We know photographers make frames, but we deeply believe they can also create frameworks.

I see myself in [the] tradition of encounter and witness - a witness that sees the photograph as evidence.

The camera is an excuse to be someplace you otherwise don't belong. It gives me both a point of connection and a point of separation.

For a long time I've lived with the inadequacy of that frame to tell everything I knew, and I think a lot about what is outside of the frame.

There is so much more to the things that we think we know from afar. The close you get the more complex it is, not the simpler it is to understand.

If Instagram had been available when I was working in Nicaragua in 1978, I'm sure I would have wanted to use it as a way of reporting directly from the streets during the insurrection.
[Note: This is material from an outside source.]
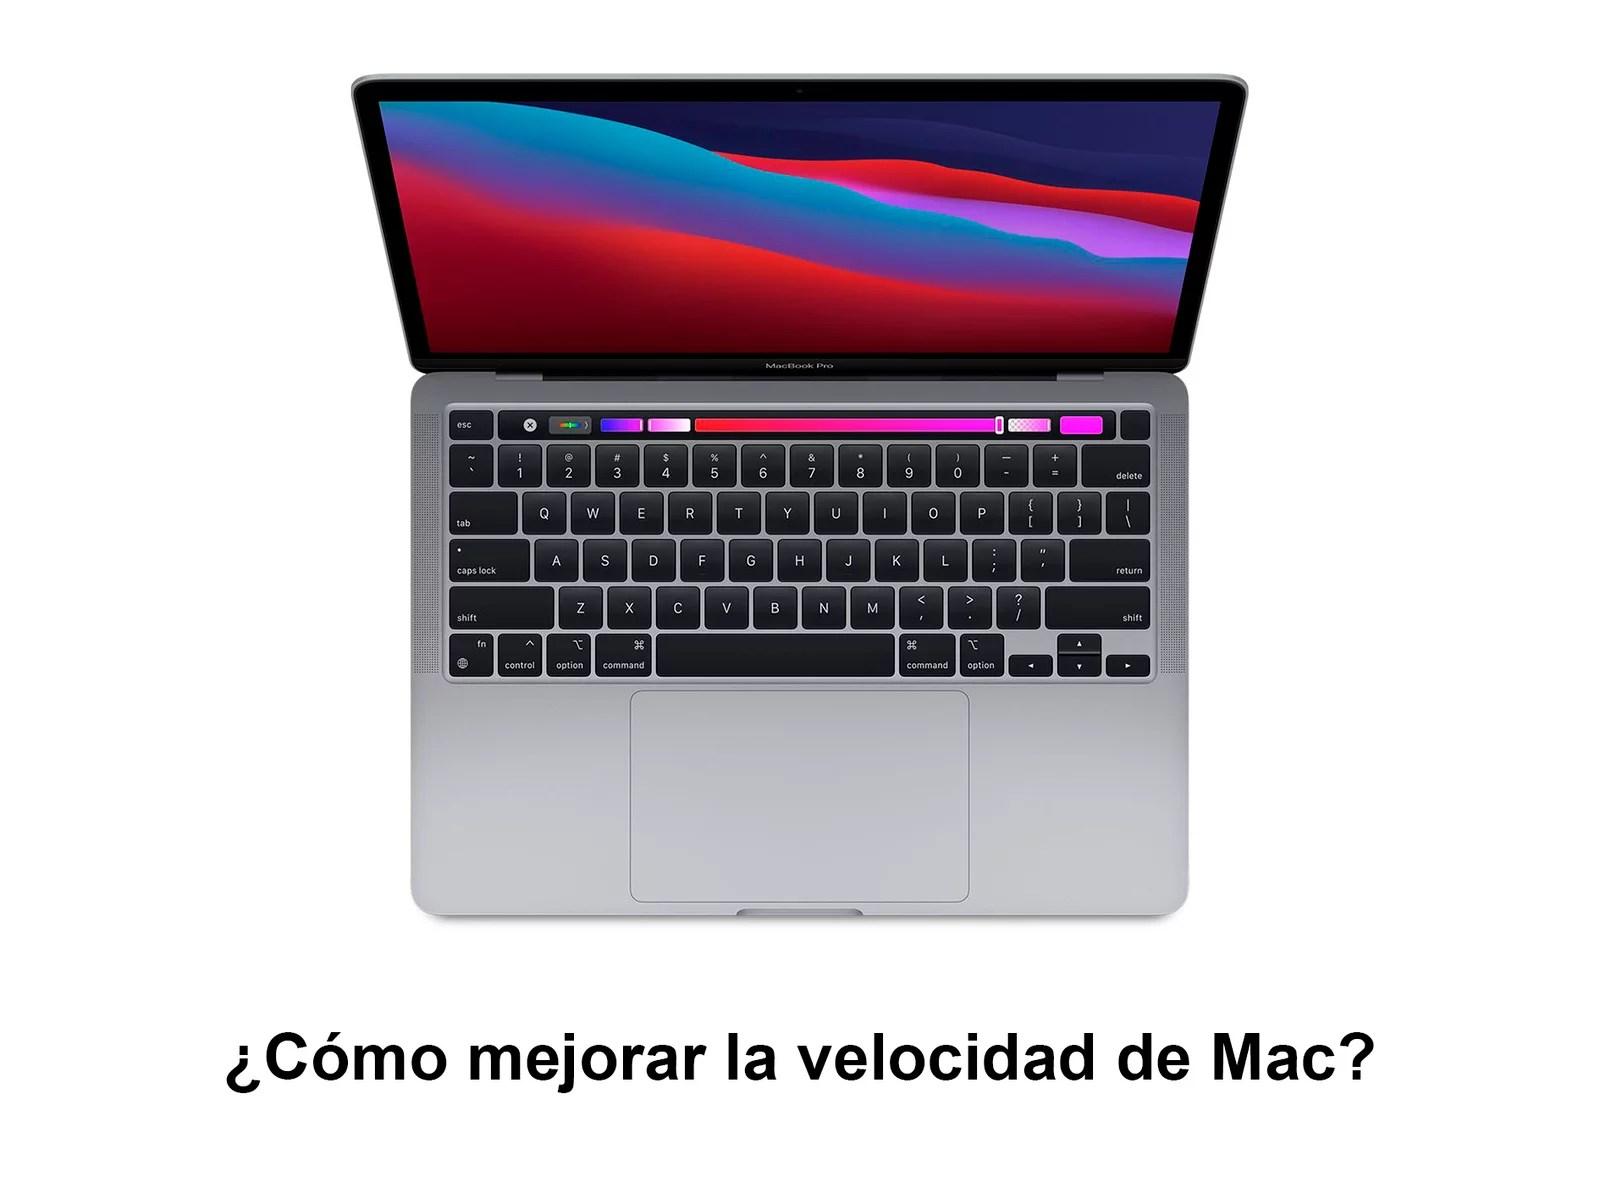 Hacemos que tu Macbook vaya más rápido

Finding a photograph is often like picking up a piece from a jigsaw-puzzle box with the cover missing. There’s no sense of the whole. Each image is a mysterious part of something not yet revealed.

I think photography has a huge potential to expand a circle of knowledge. There's a reality that we are all the more linked globally and we have to know about each other. Photography gives us that opportunity.

What worries me is that we want to close down our relationship to the world at large. In other words, people's instincts are overwhelmed by the amount of images, or they can't distinguish anymore between Rwanda or Bosnia or Somalia.

I'm deeply interested in the photograph as a record of an encounter and enjoy putting myself in a timeline of image-makers, alongside other travelers, such as anthropologists, colonists, missionaries, even tourists. I do that to emphasize subjectivity, rather than privilege any single perspective - I see myself as only one of many storytellers.